The longer-term outlook for policy interest rates, which currently stand in a range between 0% and 0.25%, now shows benchmark interest rates potentially climbing as high as 1.8% by the end of 2024.
“We’ve been through a move in the dot plots already,” said Giorgio Caputo, head of JO Hambro Capital Management’s multi-asset team, adding that any fits of weakness in stocks this year have been extremely short lived.
“The little dips, the blips, they get bought,” Caputo said, in a phone interview. “The thing is, market liquidity does evaporate when volatility spikes.”
“Even through we seem to have processed this latest wobble, or are in the process of processing, the risk continues to remain that one of these days we’ll have a more significant air pocket,” he said.
For markets, worries about China’s indebted property company Evergrande subsided on Wednesday.
Frankfurt-listed shares of China Evergrande surged 50% after a unit of the company, Hengda Real Estate Group, pledged to make an on-time interest payment on Thursday. Separately, China’s central bank reportedly injected liquidity as markets reopened after a two-day holiday and talk of a restructure of Evergrande has eased some of the initial panic on Wall Street about potential financial contagion akin to what occurred in 2008 when U.S. investment bank Lehman Brothers failed.

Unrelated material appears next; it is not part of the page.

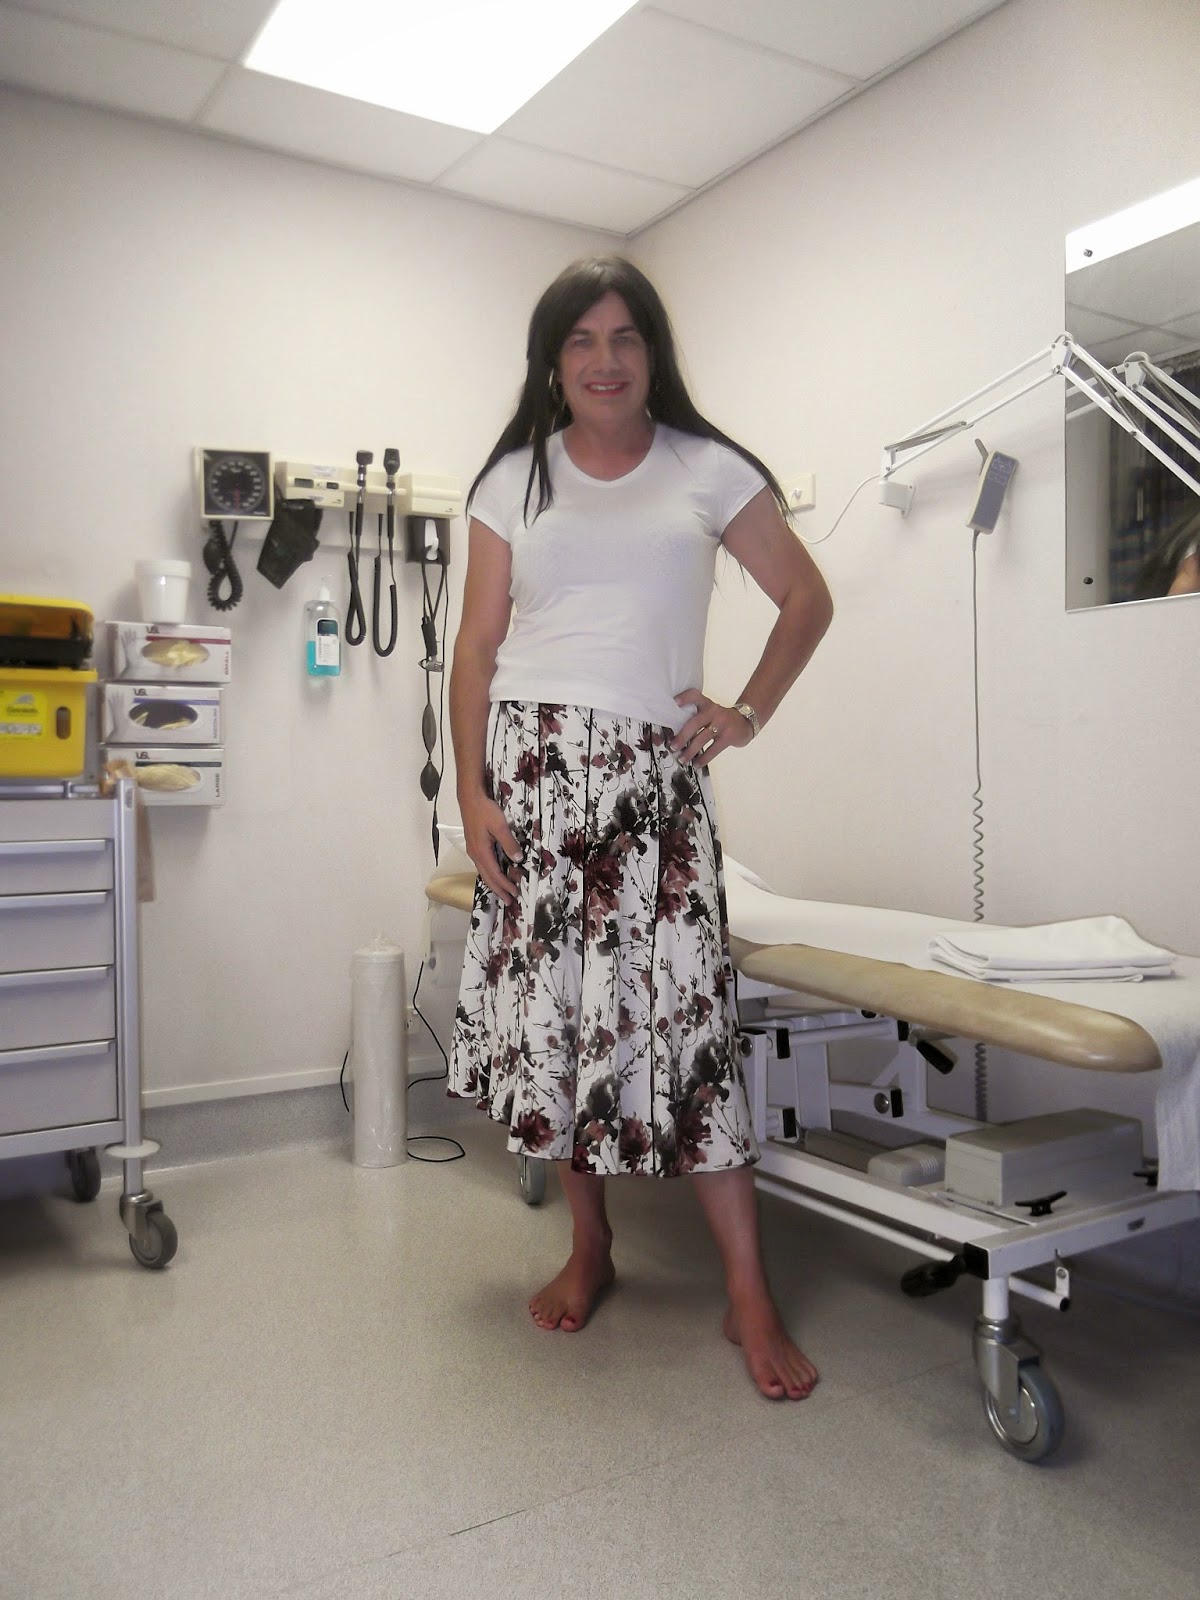 Rachel Life As A Crossdresser Doctors Visit
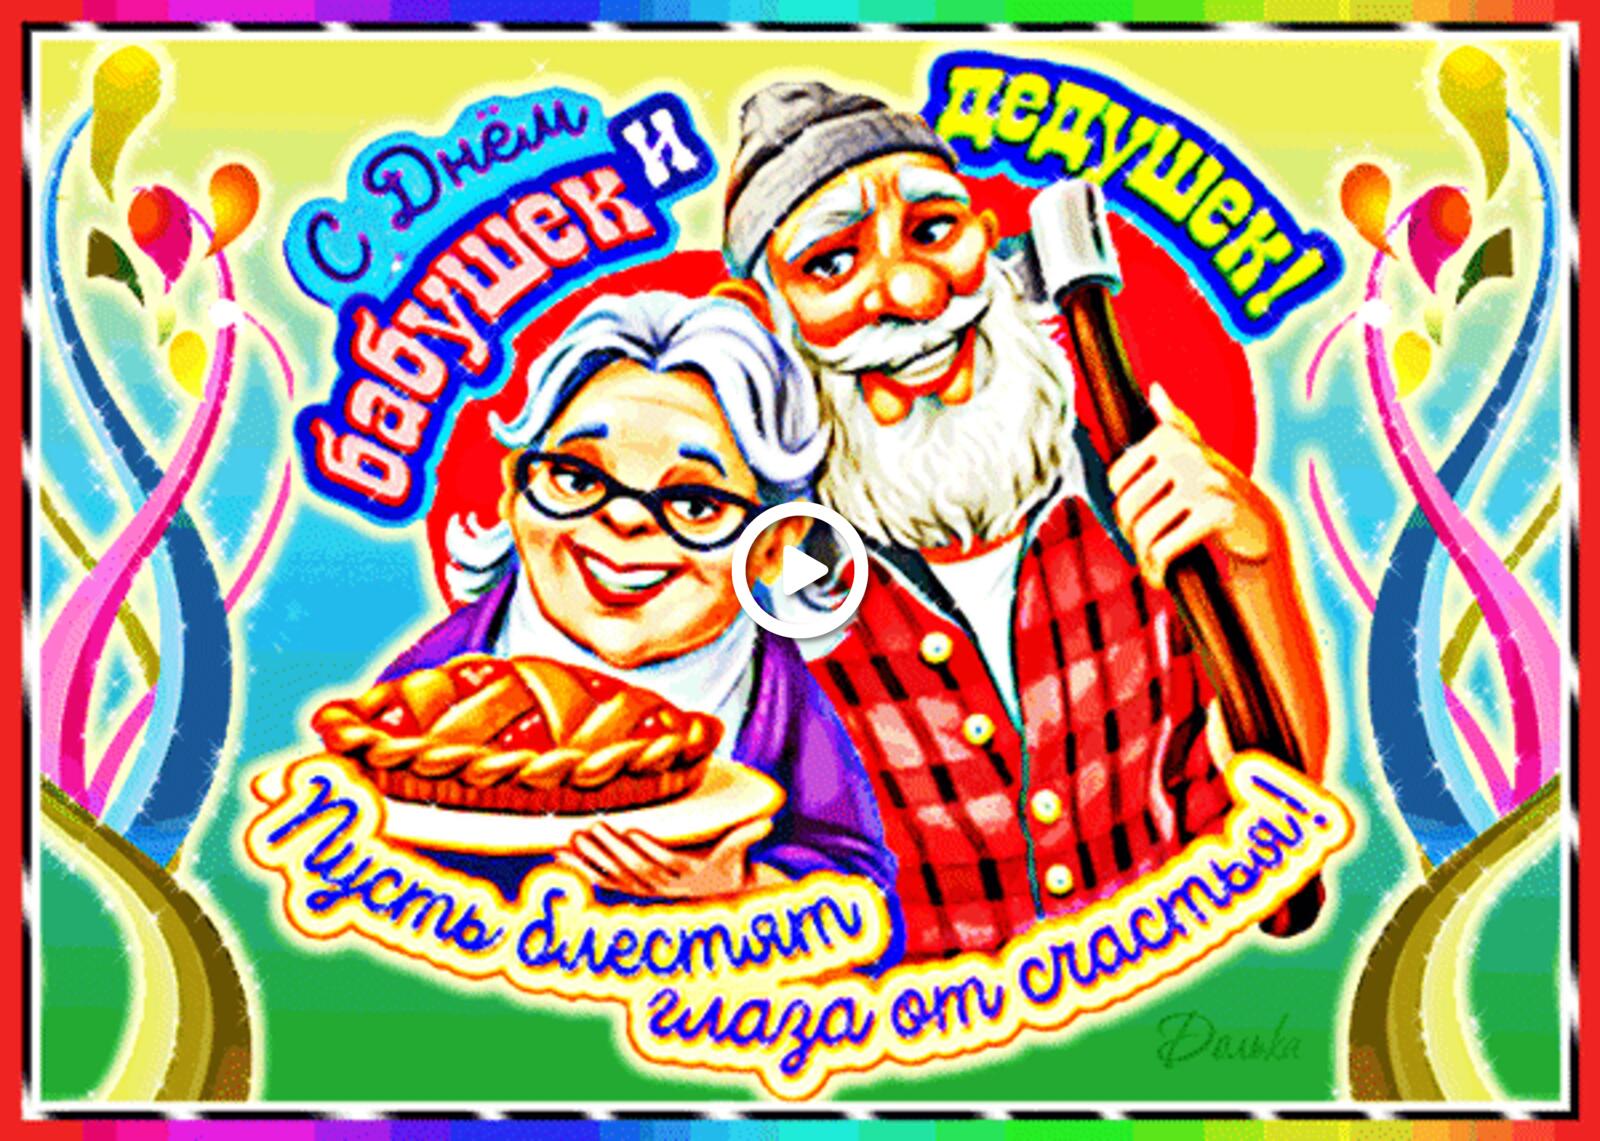 一张以祖父母节 祖父母节快乐贺卡 10 月 28 日祖父母节快乐贺卡为主题的明信片

However, investors remain wary as Evergrande still faces interest payments on bonds in coming days.
“While the markets are rebounding, we think its to soon to think the Evergrande situation will blow over without causing more near- term market pain,” said Peter Cardillo, chief market economist at Spartan Capital Securities.
The U.S. debt ceiling issue also was in focus Wednesday, after a group of former U.S. Treasury secretaries, including Henry Paulson, Timothy Geithner and Robert Rubin, sent a letter to Congressional leadership calling for Washington to avoid an “unprecedented default” that could “serious economic and national security harm.”
The House voted late Tuesday to keep funding the government and avoid a shutdown, but faced opposition in the Senate given the Republican party’s opposition to raising the debt ceiling.
The New York Federal Reserve Bank on Wednesday also announced it would double the amount each counterparty can park overnight a popular Fed repo facility to $160 billion a day, effective Thursday.
In U.S. economic news, investors parsed an August update on existing home sales, which retreated as inventory and prices remained major concerns for prospective buyers. Existing-home sales dropped 2% to a seasonally-adjusted, annual rate of 5.88 million in August, the National Association of Realtors said. Compared with August 2020, home sales were down 1.5%.
Which companies were in focus?
Robinhood Markets Inc.
shares closed 10.9% higher Wednesday after the company said it was rolling out a new feature that will allow users to use a crypto wallet and make cryptocurrency transfers on its app.
Dave & Buster’s Inc.
shares jumped 6.9% Wednesday after the company announced that Chief Executive Brian Jenkins would retire next week—a move that Truist analysts say transitions the company into a new phase of its COVID recovery.
Stitch Fix Inc.
shares advanced 15.7% after the clothing-subscription company said it gained more clients and revenue rose 29% in the fourth quarter, driving more than $2 billion in annual sales for the first time.
How did other assets trade?
The yield on the 10-year Treasury note
was almost 1 basis point lower around 1.332%, after the Fed decision. Yields and debt prices move in opposite directions.
The ICE U.S. Dollar Index
a measure of the currency against a basket of rivals was 0.2% higher at 93.42.
Oil futures closed higher, with the U.S. benchmark
up 2.5% to settle at $72.23 a barrel. Gold futures
rose about 0.03% to settle at $1,778.80 an ounce, but slipped later in electronic trading.